Anyone updating their production D4AWS environment? How are you doing it? I am current on 17.12CE…two versions behind.
I have updated D4AWS twice while in development following the instructions - https://docs.docker.com/docker-for-aws/upgrade/ - 17.061CE to 17.09CE and 17.09CE to 17.12CE. Both times: I lost shared data (data in EFS), relocatable volumes wasnt created properly, and container transfer was buggy. Basically the update process would have lost production data; if it was in production. I have absolutely zero confidence in updating the D4AWS cloudformation templates using the proccess outlined in their documentation.

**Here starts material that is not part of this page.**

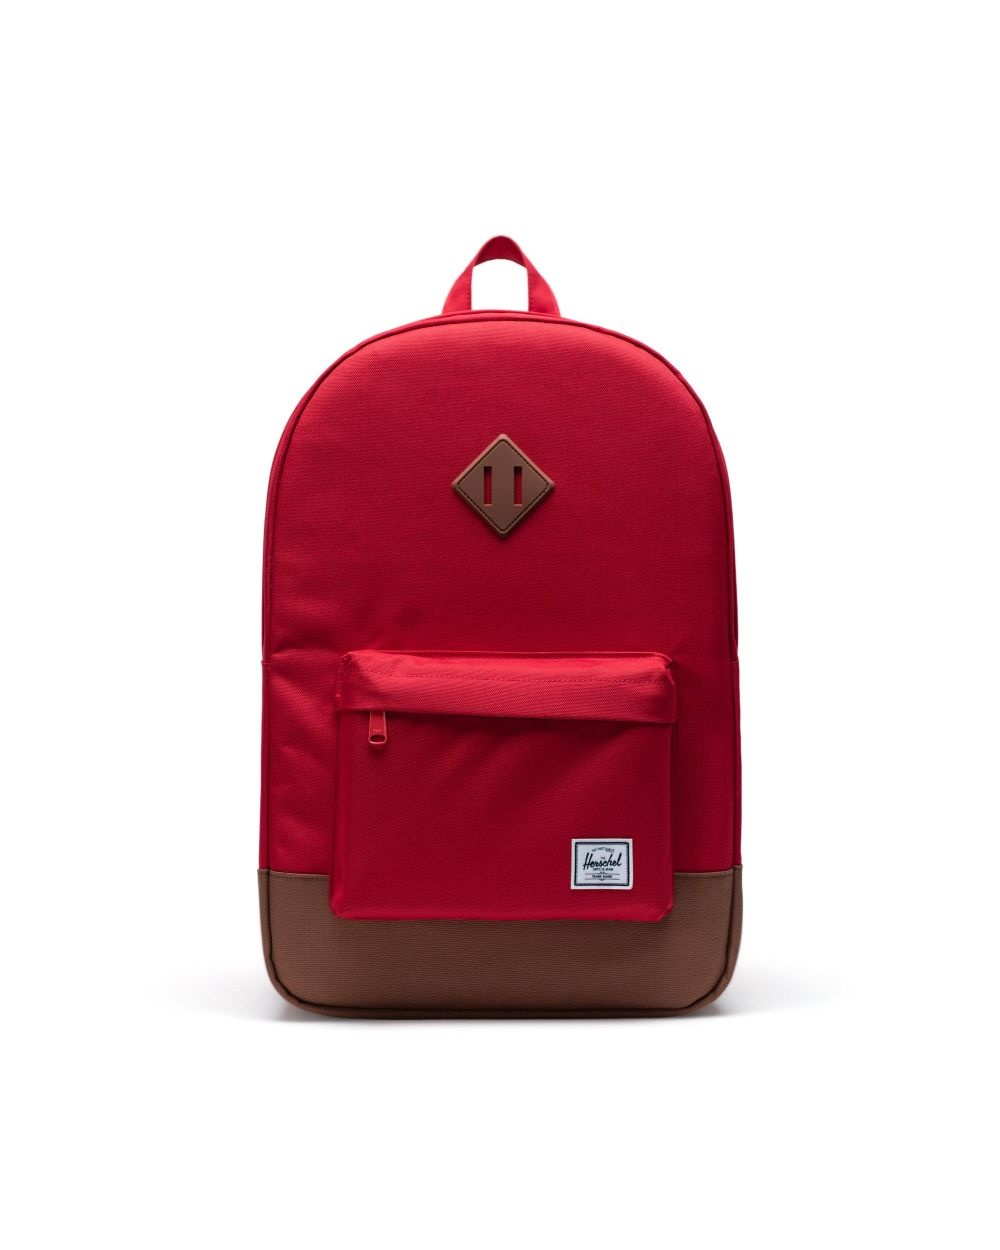 Herschel Heritage Red/Saddle brown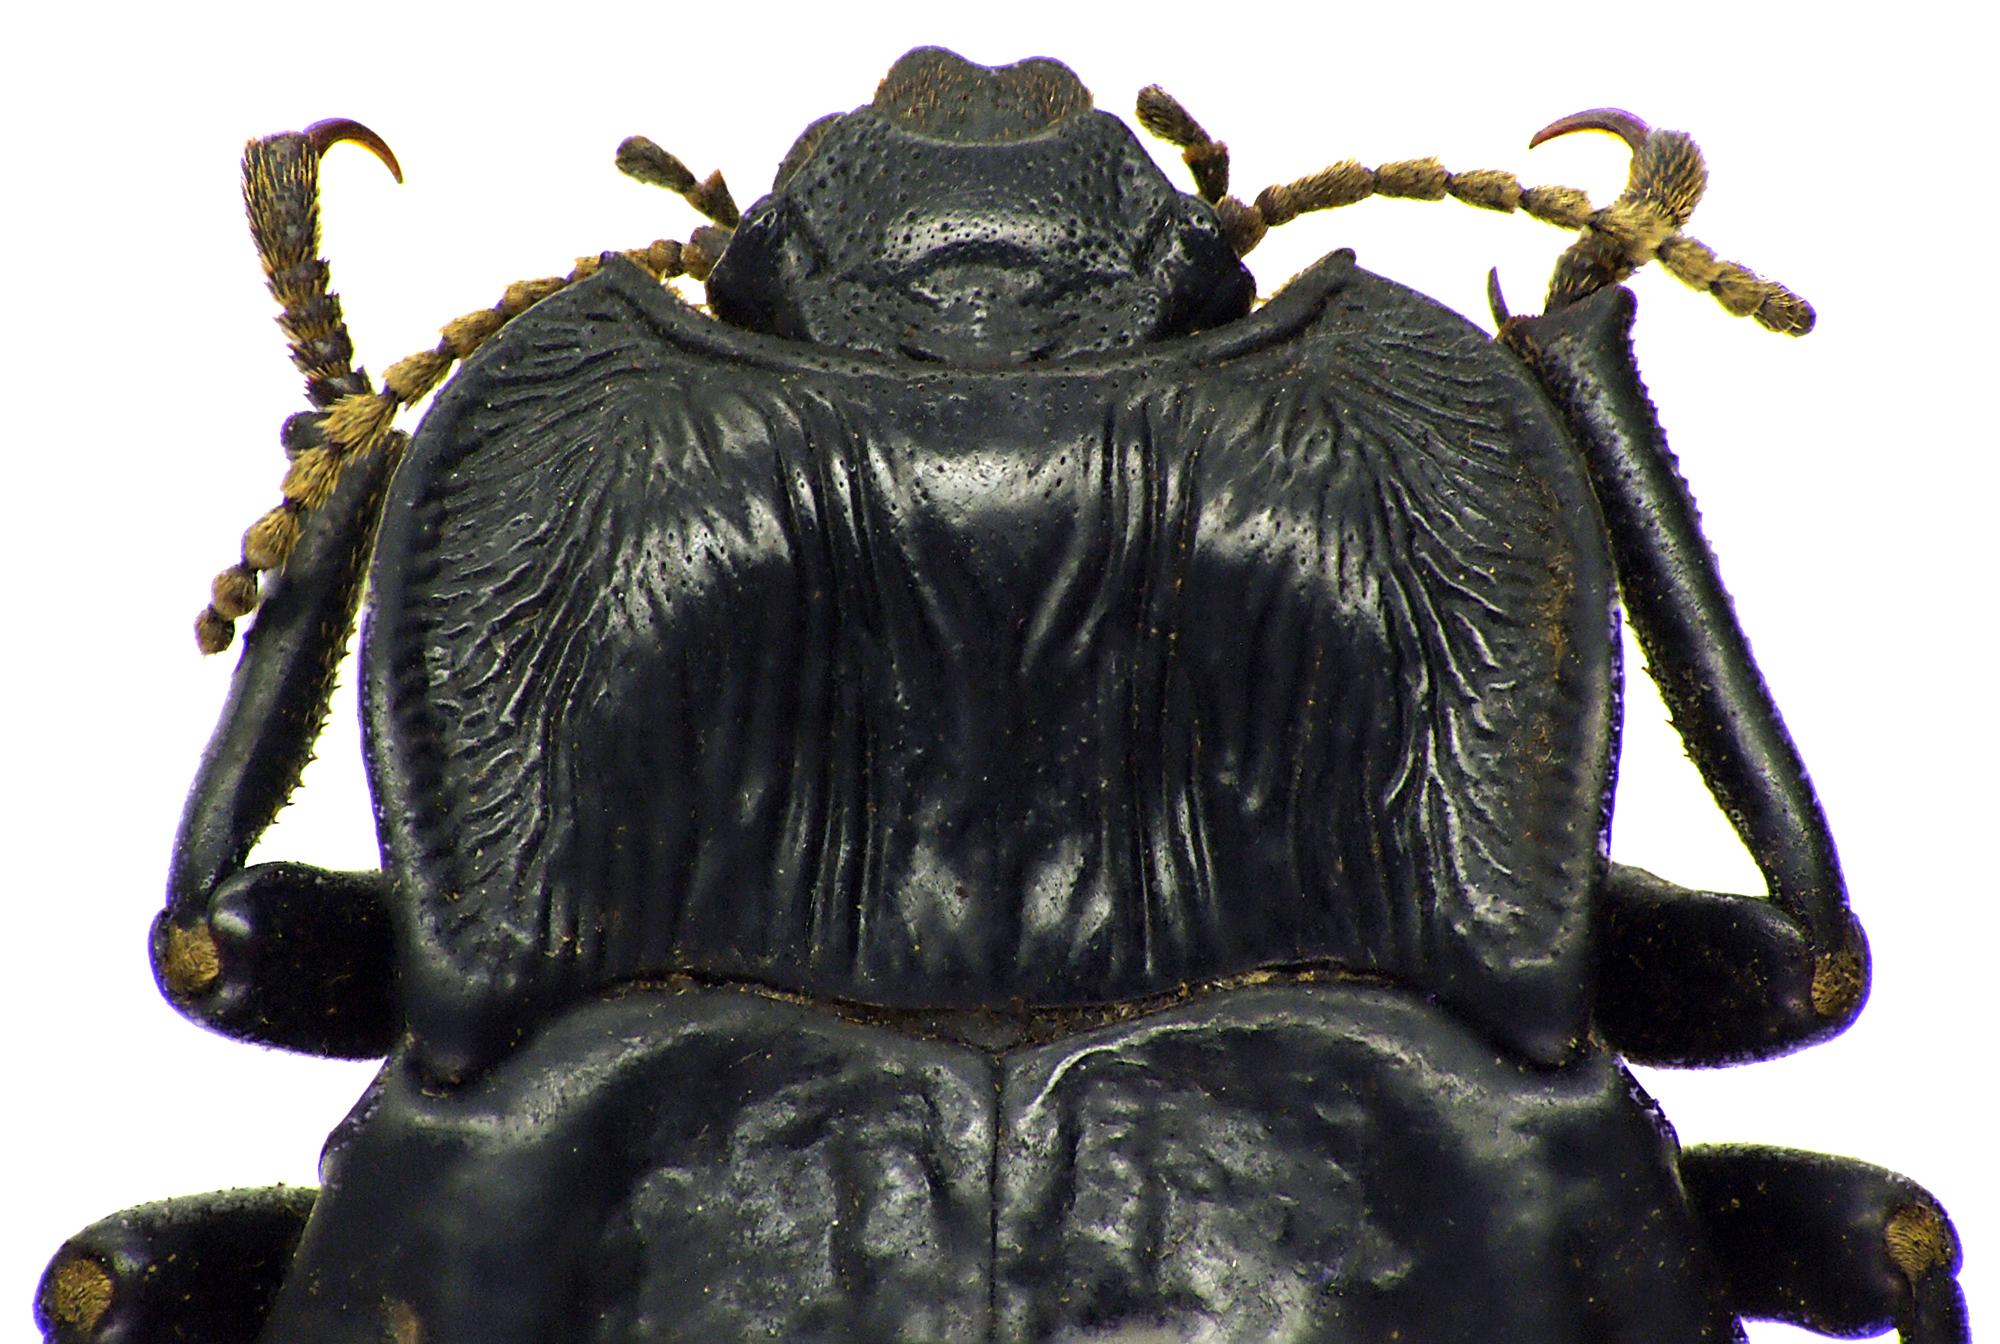 Epipedonota biramosa 76669cz76.jpg

I am proposing to my management to create a new D4AWS environment running the latest D4AWS version, then manually transferring data from the old D4AWS env to the new D4AWS env. There will be some downtime due to re-loading the swarm resources (configurations, secrets, volumes, etc) and transferring the production data from old EFS to new EFS.
I haven’t tried a production update myself, but it is super concerning to hear that you have had these upgrade issues, as I had assumed that the upgrade process would be solid.
Have you customized the resources in your Swarm at all? Wondering if maybe you had made some custom changes that are interfering with the upgrade. I am on the verge of making some changes of my own to the ELB and autoscaling configurations to improve security and stability of the stack, and am now a little worried this could interfere with upgrades.
Wish I could provide more help with your upgrade issues, but haven’t attempted one yet. But as a fellow user of docker for aws in production would be glad to share experiences with it.
I haven’t tried a production update myself, but it is super concerning to hear that you have had these upgrade issues, as I had assumed that the upgrade process would be solid.
I do not recommend updating using Docker’s standard update process… unless you can verify that the process works for an identical test/dev environment. Read the release notes too. Some releases require shutdown of containers. The problems I have encounter are all due to limitations/issues with D4AWS cloudformation templates. They just do not work well (WRT updating)… so test before trying on production environment.
Have you customized the resources in your Swarm at all?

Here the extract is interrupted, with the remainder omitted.